For one, influencing culture is relatively cheap compared to conducting research or lobbying governments. Additionally, culture in a small research field can change quickly, much faster than it takes to change policy or to develop and deploy new technologies.

Only when there aren't outside incentives keeping a particular set of cultural norms in place. In this case, there are, and those outside incentives are exceedingly strong.

Frowning upon groups which create new, large scale models will do little if one does not address the wider economic pressures that cause those models to be created.

I agree that "frowning" can't counteract economic pressures entirely, but it can certainly slow things down! If 10% of researchers refused to work on extremely large LM's, companies would have fewer workers to build them. These companies may find a workaround, but it's still an improvement on the situation where all researchers are unscrupulous.

The part I'm uncertain about is: what percent of researchers need to refuse this kind of work to extend timelines by (say) 5 years? If it requires literally 100% of researchers to coordinate, then it's probably not practical, if we only have to convince the single most productive AI researcher, then it looks very doable. I think the number could be smallish, maybe 20% of researchers at major AI companies, but that's a wild guess.

That being said, work on changing the economic pressures is very important. I'm particularly interested in open-source projects that make training and deploying small models more profitable than using massive models.

On outside incentives and culture: I'm more optimistic that a tight-knit coalition can resist external pressures (at least for a short time). This is the essence of a coordination problem; it's not easy, but Ostrom and others have identified examples of communities that coordinate in the face of internal and external pressures.

I think you're greatly underestimating Karpathy's Law. Neural networks want to work. Even pretty egregious programming errors (such as off-by-one bugs) will just cause them to converge more slowly, rather than failing entirely. We're seeing rapid growth from multiple approaches, and when one architecture seems to have run out of steam, we find a half dozen others, initially abandoned as insufficiently promising, to be highly effective, if they're tweaked just a little bit.

In this kind of situation, nothing short of a total freeze is sufficient to slow progress by more than a couple of months. If Google shut down DeepMind and Google Brain entirely, Meta would pick up the slack. If Meta were shut down, then OpenAI would develop something. If OpenAI, Google and Meta were all suddenly shuttered, then one of the Chinese firms, like Baidu would start publishing scoops. Or perhaps someone like would come up with the next breakthrough innovation.
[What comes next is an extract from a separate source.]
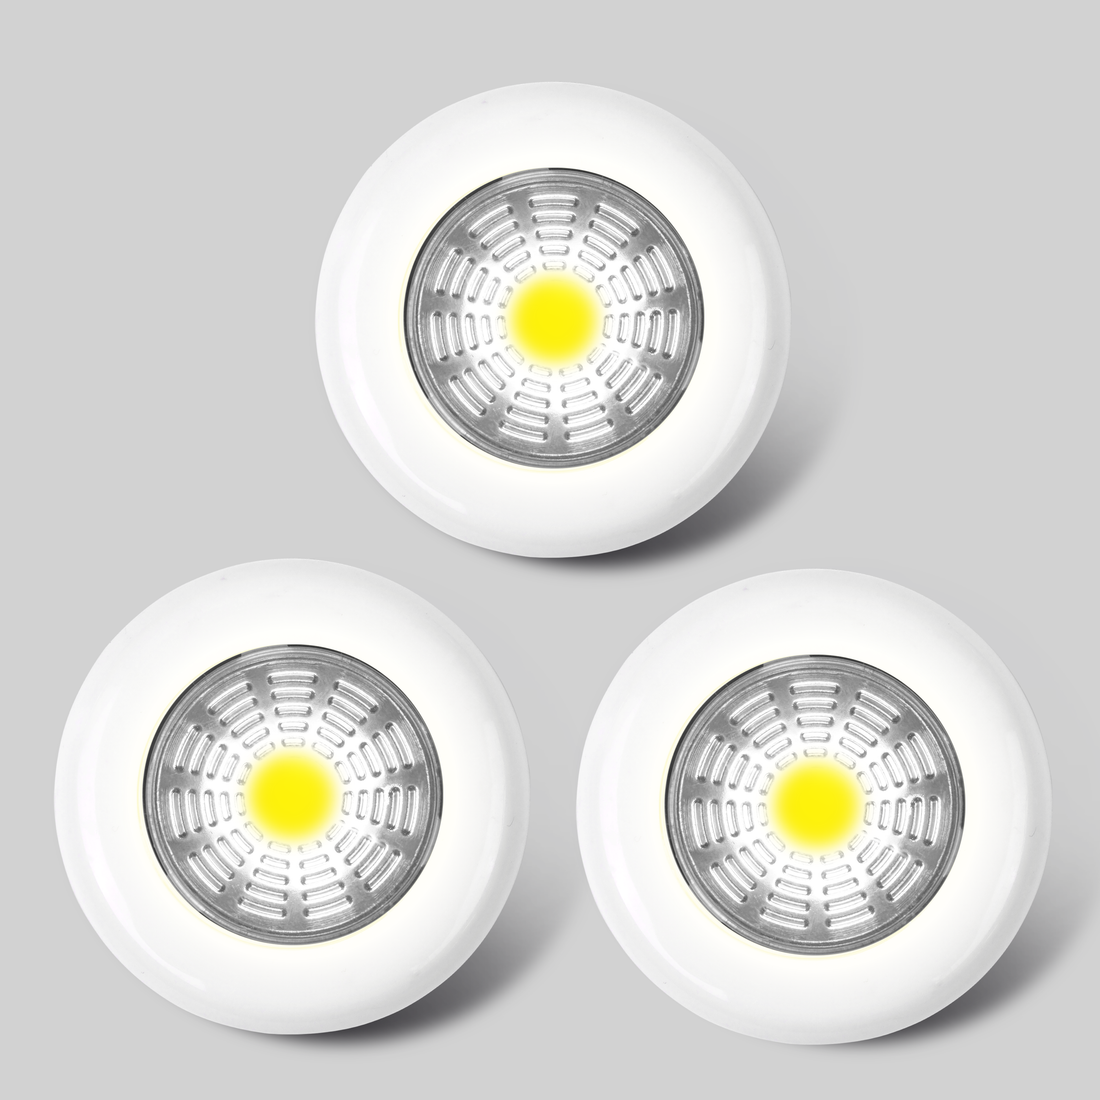 3 PUSHLIGHTS PLASTIC WHITE D6,8 CM LED 50LM NATURAL LIGHT BATTERY OPERATED

When it comes to AI progress, we're not even to the point of reaching for low hanging fruit. We're still picking up the fruit that's fallen on the ground. The fact that we've made this much progress by doing, more or less, the absolute dumbest thing that could possibly work at every step, makes me extremely pessimistic that it's possible to slow down the pace of AI development in the near future via informal social coordination. There's just too much easy money for that to work.

Why is AI research open by default? Surely Meta or Facebook can get a significant advantage from keeping their "secret sauce" of AI development secret. Are they only revealing tech demos to impress shareholders and keeping the actual bleeding-edge research secret?
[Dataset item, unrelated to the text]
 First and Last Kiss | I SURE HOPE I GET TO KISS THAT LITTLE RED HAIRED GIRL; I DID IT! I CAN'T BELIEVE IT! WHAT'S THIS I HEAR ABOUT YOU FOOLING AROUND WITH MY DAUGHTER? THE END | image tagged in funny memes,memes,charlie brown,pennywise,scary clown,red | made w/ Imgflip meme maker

this exactly is what I wish the "slow down, please" people would understand. there is no stop button. there's barely any slow down button. it is an extremely low impact way to intervene, to try to stop ai. if we wish to guide humanity's children at all, we must teach them as they grow, because people grow up fast, even the ones that aren't biological.

may there come a time soon when no self-or-other-desired memory of soul is forgotten.